What data should I share with suppliers (and what shouldn’t I)?
Providing suppliers with the right data can make a big difference in how effectively they meet demand. Key data points like sales data, demand forecasts, and inventory levels give suppliers the tools they need to anticipate demand and plan replenishments.
For example, sharing insights such as:
- Rolling demand forecasts: Helps suppliers stay ahead by showing trends over time.
- Sales velocity: Indicates how quickly products are moving, helping with production and restocking decisions.
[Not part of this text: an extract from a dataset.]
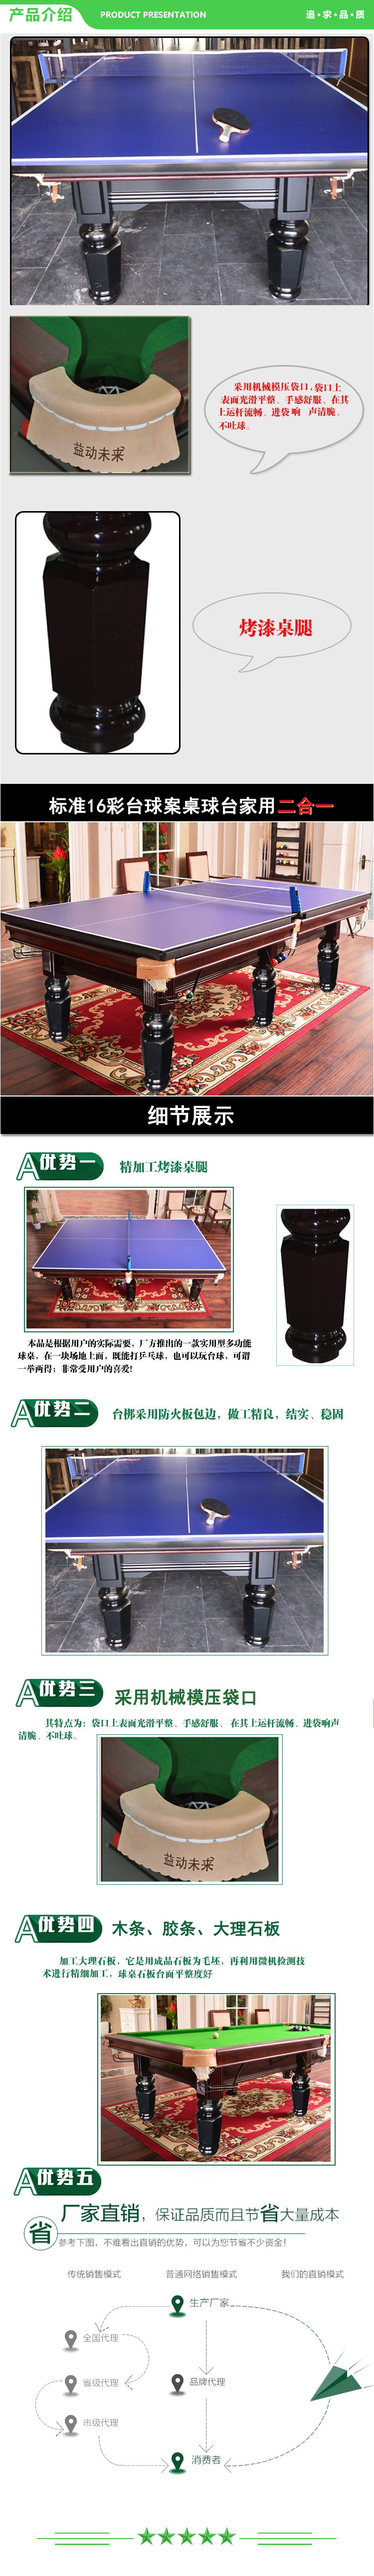 益动未来 高配二合一台球桌 台球桌（标准家庭两用台球乒乓球家用多功能台球桌） 2.jpg

- Inventory aging reports: Highlights slow-moving stock, aiding in better inventory management.
These insights can improve delivery accuracy and help avoid the headaches of stockouts or excess inventory.
However, it’s important to be selective about what you share. Avoid sharing sensitive details like financial data or proprietary strategies that don’t directly contribute to inventory optimization. Keeping the focus on relevant, actionable information ensures better collaboration while maintaining confidentiality.
How do I pilot vendor collaboration without increasing stockouts?
To manage vendor collaboration effectively while avoiding stockouts, the key lies in structured communication and precise demand forecasting. Start by sharing rolling forecasts with your suppliers. This ensures that both parties are aligned on inventory needs and planning. Standardizing updates - like notifying about delivery changes - helps maintain a steady flow of timely information.
It's also essential to keep an eye on supplier reliability. Regularly monitor their performance and use their feedback to fine-tune your replenishment strategies. For example, if a supplier consistently delivers late, adjust your ordering timelines or explore alternative options.
Leveraging tools like AI-powered forecasting solutions, such as Forstock, can take this process to the next level. These tools improve accuracy in demand predictions and simplify supplier coordination. The result? Fewer stockouts and better inventory management without unnecessary complications.